Any change to the quantity or the base sequence of the DNA of an organism is known as a mutation. Mutations occurring during the formation of gametes may be inherited, often producing sudden and distinct differences between individuals.
What is a gene mutation?
Any change to one or more nucleotide bases, or a change in the sequence of the bases, in DNA is known as a gene mutation.
What can a gene mutation lead to?
Any changes to one or more bases in the DNA triplets could result in a change in the amino acid sequence of the polypeptide. Sometimes this can result in a mutation that is harmful, however, due to the genetic code being degenerate, the amino acid sequence may not always be changed.
How can gene mutations arise?
Gene mutations can arise spontaneously during DNA replication and include base substitution, base insertion and base deletion.
What is base substitution?
The type of gene mutation in which a nucleotide in a DNA molecule is replaced by another nucleotide that has a different base is known as a substitution. A substitution may not always be harmful as the substituted nucleotide may code in that triplet for the same amino acid.
What is the significance of the difference in amino acid?
The polypeptide produced will differ in a single amino acid in certain situations. The significance of this difference will depend upon the shape and precise role of the original amino acid. If it is important in forming bonds that determine the tertiary structure of the final protein, then the replacement amino acid may not form the same bonds. The protein may then be a different shape and therefore not function properly.
Why does the amino acid not change sometimes?
The effect of the mutation is different if the new triplet of bases still codes for the same amino acid as before. This is due to the degenerate nature of the genetic code, in which most amino acids have more than one codon.
What is base deletion? What is base insertion?
A gene mutation by deletion arises when a nucleotide is lost from the normal DNA sequence. The loss of a single nucleotide from the thousands in a typical gene may seem a minor change but the consequences can be considerable. Usually the amino acid sequence of the polypeptide is entirely different and so the polypeptide is unlikely to function correctly. This is because the sequence of bases in DNA is read in units of three bases (triplet). One deleted nucleotide causes all triplets in a sequence to be read differently because each has been shifted to the left by one base (frame shift).
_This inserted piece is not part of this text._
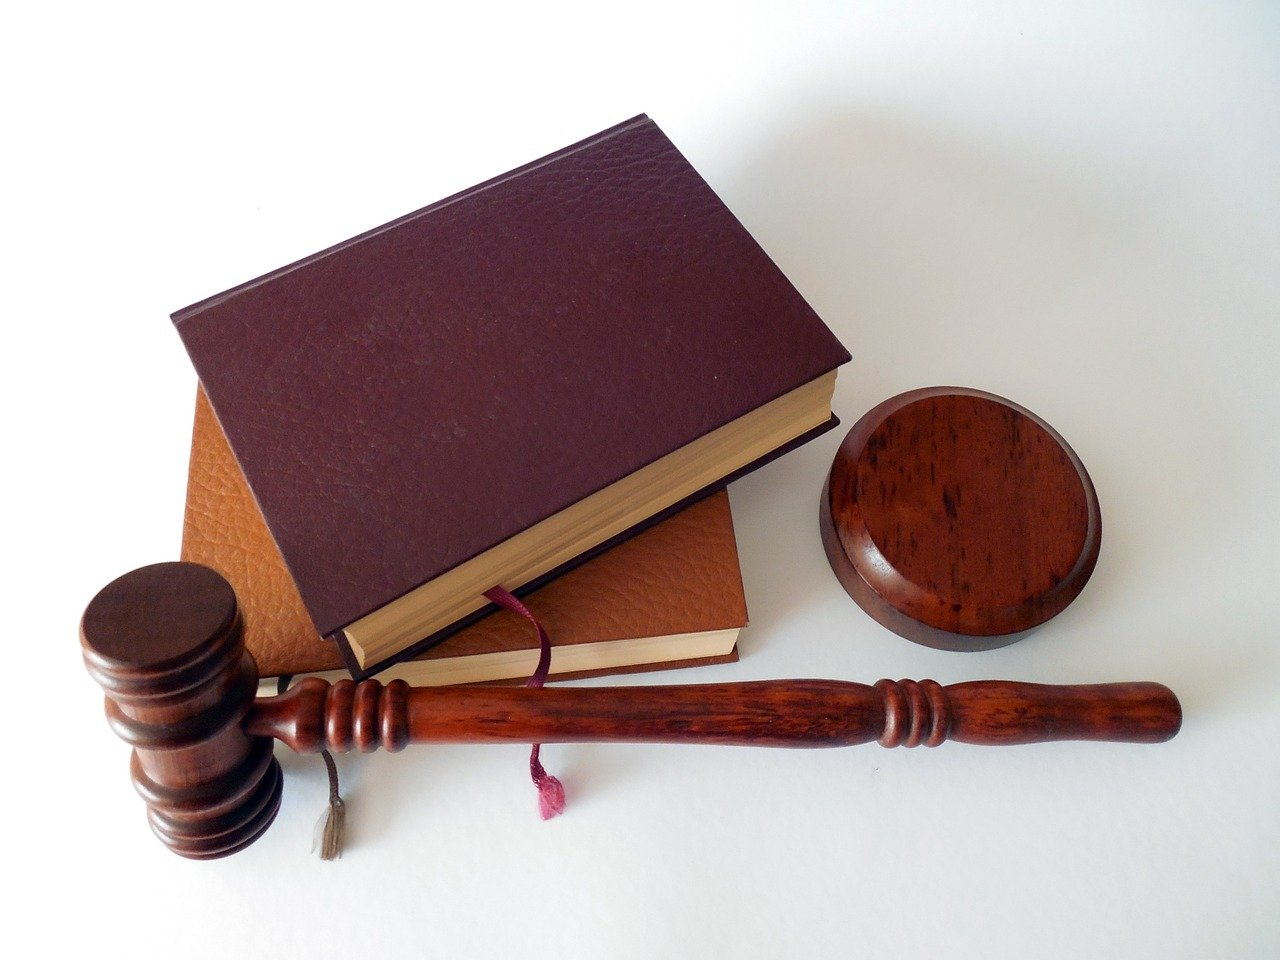 Martillo, Libros, Ley

This results in completely different amino acids being coded for.
Base insertion is the opposite and happens when a nucleotide is inserted into the chain, and each codon is shifted to the right by one base.
What are chromosome mutations?
Changes in the structure or number of whole chromosomes are called chromosome mutations. Chromosome mutations can arise spontaneously and take two forms.
- Polyploidy: Changes in whole sets of chromosomes.
- Non-disjunction: Changes in the number of individual chromosomes.
What is polyploidy?
Changes in whole sets of chromosomes occur when organisms have three or more sets of chromosomes rather than the usual two. This condition is called polyploidy and occurs mostly in plants, with many modern wheats arising to be polyploidy.
What is non-disjunction?
Changes in the number of individual chromosomes. Sometimes individual homologous pairs of chromosomes fail to separate during meiosis. This is known as non-disjunction and usually results in a gamete having either one more or one fewer chromosome. On fertilisation with a gamete that has the normal complement of chromosomes, the resultant offspring have more of fewer chromosomes than normal in all their body cells.
An example of a non-disjunction in humans is Down’s syndrome, where individuals have an additional chromosome.
What is a mutagenic agent?
A mutagen is a physical or chemical agent that permanently changes genetic material, usually DNA, in an organism and thus increases the frequency of mutations above the natural background level.